Но успокоить деда оказалось невозможно. Через полчаса он уже не ходил, а скакал по избе, то и дело выбегая на улицу. Останавливался, лишь когда астма перехватывала горло и душил тяжелый, хрипящий кашель. Баба Оля помаленьку заражалась его суетливостью, и все чаще становилось слышно ее «ой-ой, господи!». Наконец она не выдержала, глянула на хлебы в печи и встала на колени перед божничкой. Мы с Алькой залезли на печь и притихли. Снизу, из-под заслонки, уже струился и расходился по избе запах горячего хлеба. Я всегда с нетерпением ждал, когда станут вынимать караваи; не дожидаясь, когда они остынут на полке, прикрытые полотенцем, нам отламывали по корочке, и мы бегали по горнице, перекидывая хлеб с ладони на ладонь…

– Господи! Владыко небесный! – молилась баба Оля. – Спаси и сохрани рабу твою Валентину и ребеночка ее в утробе…

Дед мой Семен Тимофеевич в жизни лба-то путем не крестил, ни одной молитвы наизусть не помнил, но тут встал за спиной у бабки и неожиданно посоветовал:

– Ты больше на Варвару-великомученицу молись. Сказывали, она бабам помогает…

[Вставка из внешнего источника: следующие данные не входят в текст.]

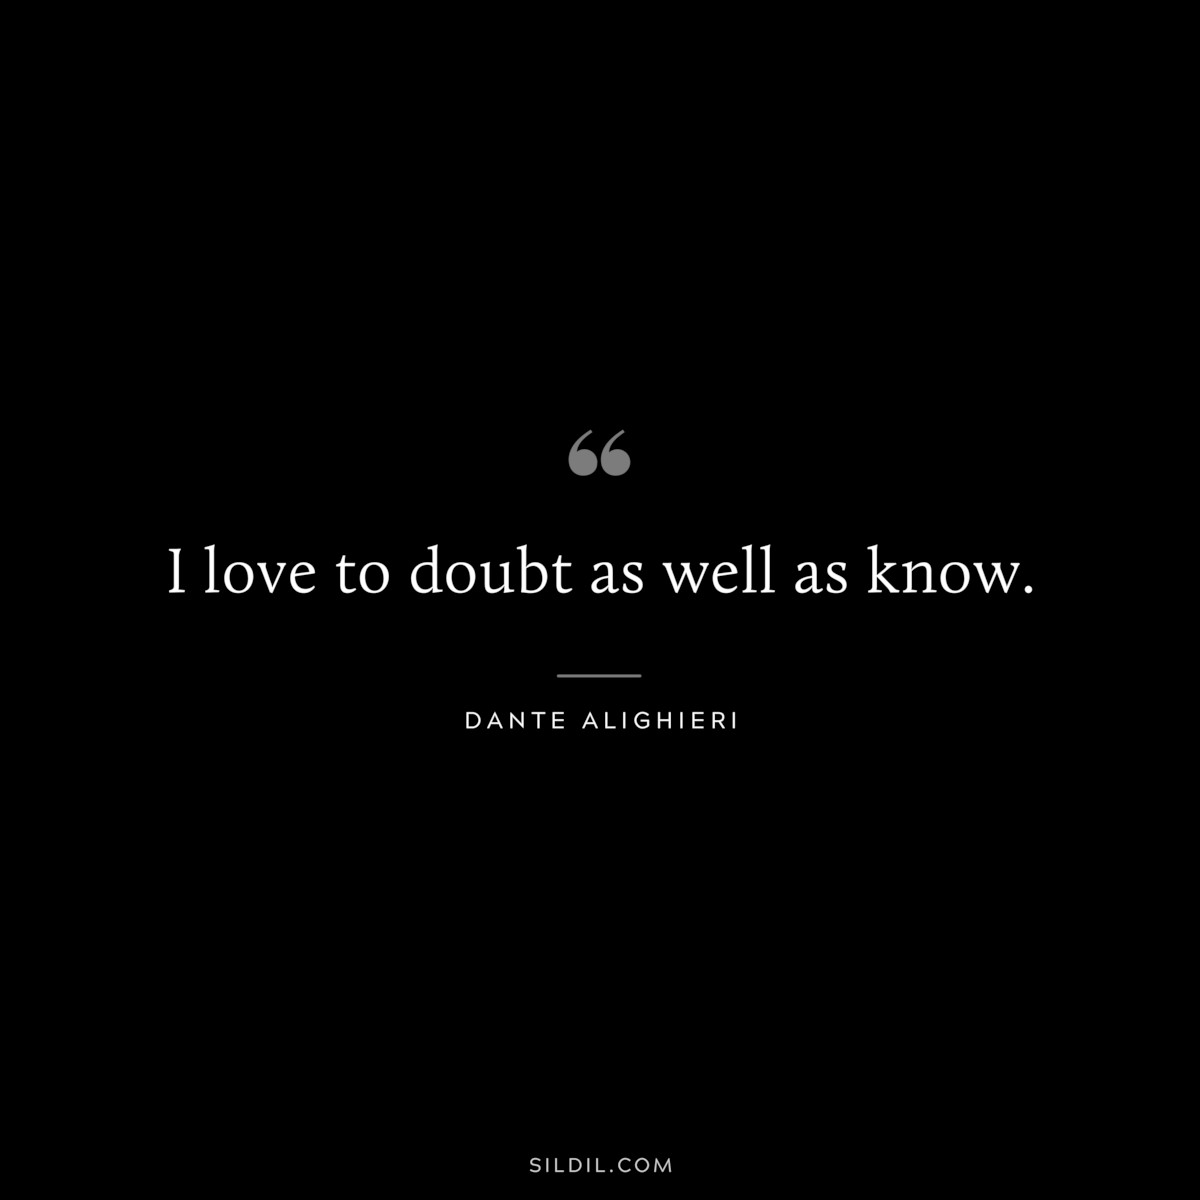 I love to doubt as well as know. ― Dante Alighieri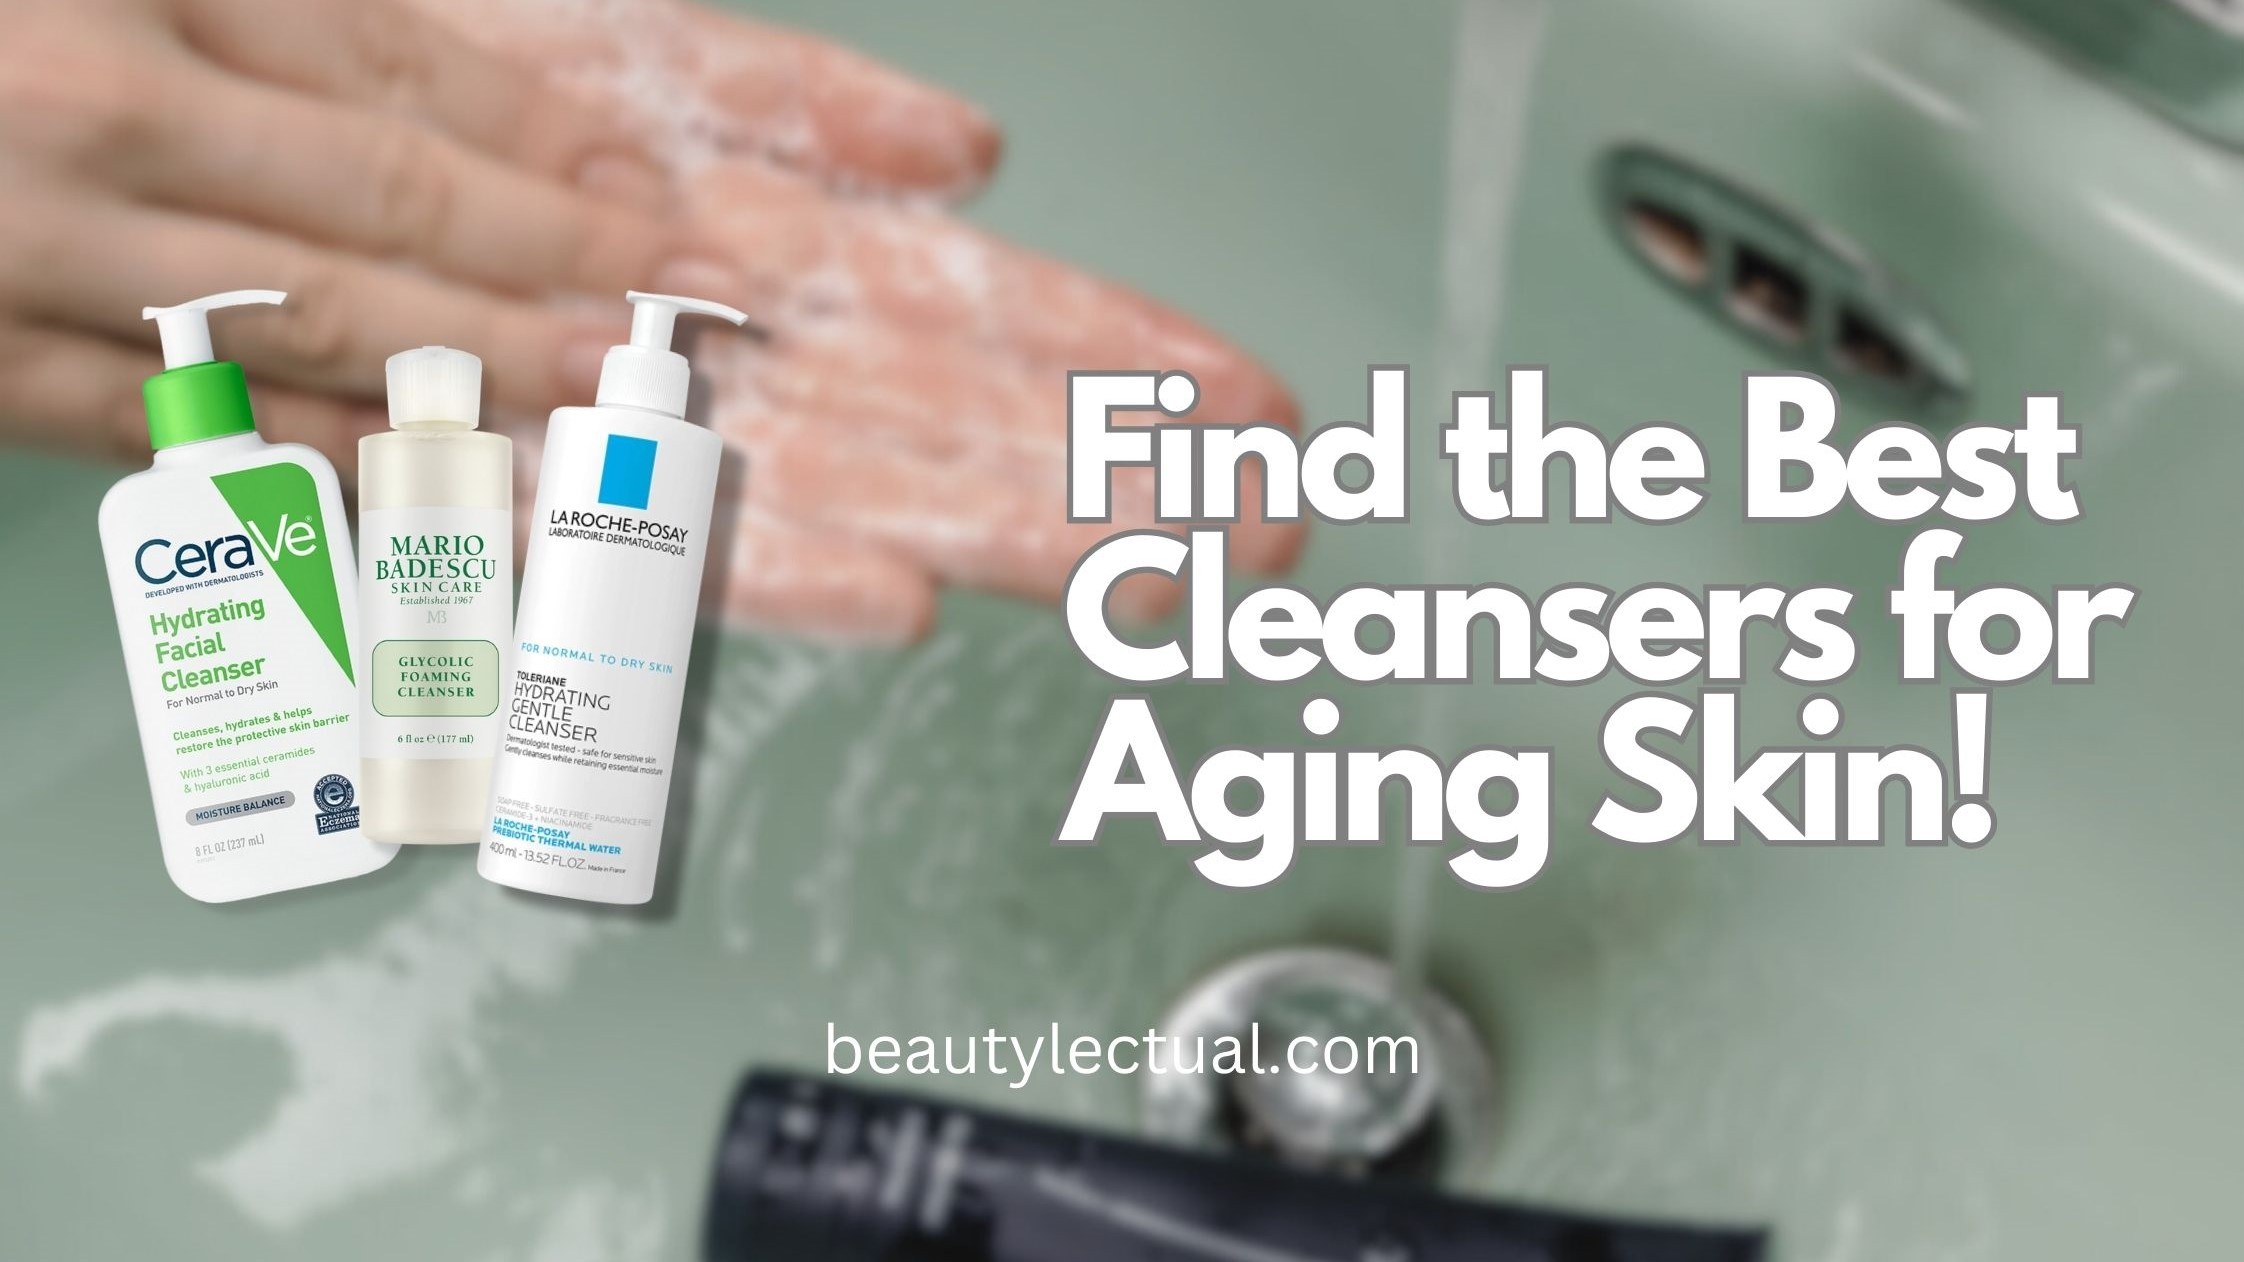 Find the Best Cleansers for Aging Skin

– Уйди, – бросила баба Оля, – не суйся.

Она считала, что дед всегда смеется над ней, и терпеть не могла, когда он вмешивался или окликал во время молитвы. Дед сел на верстак и, скручивая цигарку, выглянул в верхний, незастывший глазок окошка. Вдруг руки его дрогнули, табак просыпался, и, сползая с верстака, дед закричал:

– Идет!!!

Он скакнул к порогу, выбил руками дверь и пропал в облаке пара.

Первой вошла мать. Я хорошо запомнил ее ноги, может быть, потому, что ростом был вровень с ними. На голых коленях и икрах запеклись длинные струйки крови…

За нею, обнимая громоздкий сверток из материной шали, ввалился дед…


Мы долго ходим с братьями по торбинской дороге, по осиннику, который начинается в двух километрах от Алейки и тянется полосой до чистого бора. Полоса эта не широкая, метров восемьсот – да и то, поди, не наберется. Шелестят перезревшие, в коростах, осины, свечками тянется вверх густой молодняк, редко темнеют мачты живого и мертвого пихтача. Земля здесь черная, жирная, с травою по пояс – все больше папоротник, осот да пырей, – с болотцами, мочажинками, ручейками. Вода в них темная, таежная, кажется – глубокая, но сунешь руку – едва ладонь скрывает. А дорога была и есть вечно разбитая, с колеями по колено, с гатями и многочисленными объездами.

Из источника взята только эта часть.